Transocean Inc. Reports Second Quarter 2008 Financial Results.
HOUSTON--(BUSINESS WIRE)--Aug. 6, 2008--Transocean Inc. (NYSE:RIG) today reported net income for the three months ended June 30, 2008 of $1.107 billion, or $3.45 per diluted share, compared to net income of $549 million, or $2.63 per diluted share for the three months ended June 30, 2007. Revenues for the second quarter of 2008 were $3.102 billion compared to $1.434 billion for the second quarter of 2007.Transcript.
For the six months ended June 30, 2008, net income totaled $2.296 billion, or $7.15 per diluted share, on revenues of $6.212 billion. For the same period last year, net income totaled $1.102 billion, or $5.24 per diluted share, on revenues of $2.762 billion.
And, our next question comes from Lee Cooperman with Omega Advisors. Please go ahead.
Lee Cooperman
Thank you. Just, I apologize if I ask a question that was redundant, but I had to leave the call for a few minutes. I have two questions. Your contract back, I’m sorry, okay, You contract backlog is now $40.7 billion and our estimate that the cash margin is about $24.4 billion. If we back out the $4 billion in remaining newbuild CapEx, that leaves about $20.4 billion, which now I guess compares to debt of around $15.3 billion. So, this issue of returning money to shareholders I assume is going to be an issue that will be discussed sometime this year. Is that a reasonable view?
Bob Long
I think it’s reasonable to say that it will be discussed this year. We are already thinking hard about what we are going to do there, Lee. On your numbers, I think you are a little bit high with your net and I suspect what you have left out is cash taxes and some allocated local costs.
Lee Cooperman
Got, you. Okay. But in principle this is a possible this year type of discussion?
Bob Long
It’s definitely a this year type of discussion. I won’t promise you that we will make a decision to do anything this year, but.
Lee Cooperman
My only promise I want from you is that we don’t buy back overvalued stock. If we go the route of stock repurchase, we want to make sure that it’s undervalued.
Bob Long
Understood.
Lee Cooperman
Okay. Now, the second question, when we first met three or four years ago we talked about the issues that would determine the outlook for the Company, and some of the issues.
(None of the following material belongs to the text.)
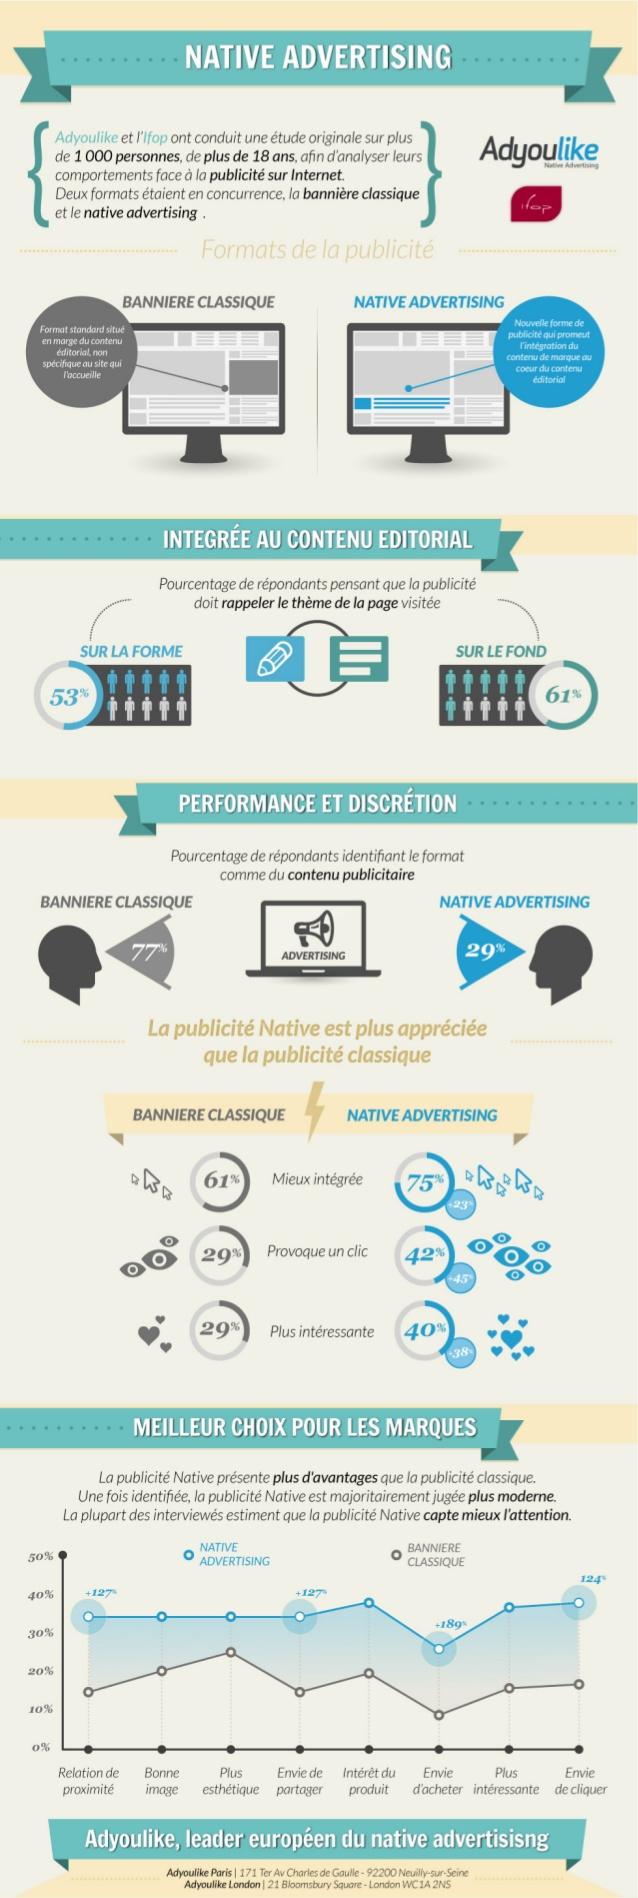 Infographie IFOP sur le Native Advertising pour AdYouLike, un des acteurs du secteur

We talked about the importance of the commodity price and you had said back then that deepwater drilling was economic down to prices as low as $35 a barrel.
Second, you said important for prospectivity, in other words that if we don’t find stuff the customer is not going to come back and keep drilling. Third was the risk of over builds. I’m just wondering how you would see these three issues today in other deepwater is economic down to prices as low as X given the inflation in oil country goods, second how is prospectivity lined up, in my own advantage point it looks like the only place that’s undiscovered -- deposits exist is deepwater offshore, which is terrific for us. Third, this financial environment we are in would seem to suggest that overbuilding, if it’s a risk, would be a risk that is being pushed out somewhat because of the constrained credit environment. But I would love your inputs on these three items as you gave several years ago.
Bob Long
Okay, I will take a stab at it. But on the price of oil that will justify deepwater, it’s difficult to say based on some input from a few operators that we hear consistently. My guess would be -- and it’s obviously a total guess -- is that $35 a barrel range is probably up now to the $60 or $65 a barrel range, maybe higher in certain areas. But I’m guessing its somewhat in that range. On the prospectivity its seems to me and this maybe the result of the escalation of the old prices that prospectivity has not been problem that potentially it could have been, in part they also be due to technology, but clearly the success rate that the operators are having, particularly in deepwater, has been significant. There is a big backlog of development and appraisal opportunities out there. There is also a growing need for additional deepwater exploratory efforts. I think many of the operators have been concerned about the inability to get drilling capacity to dedicate to an exploration program. So I don’t think that prospectivity is going to be an issue in any kind of a near-term future. On overbuilding, I think that we have seen such an increase in demand that despite the fact that we have had a lot of new construction in the floater business, 70% or more of that is already contracted. I am very confident that the rest of the speculative newbuilds, given the demand we see out there, is going to get contracted. And given the shipyard delivery times now, I think the last deepwater rig that was ordered has a 2012 delivery. You are not going to see much additional capacity come into this business for the next four years. So I think your characterization that some of these risks have been pushed out is accurate.
Lee Cooperman
Thank you very much. Let me just take a moment to thank you and your whole team for doing such a wonderful job for the shareholders.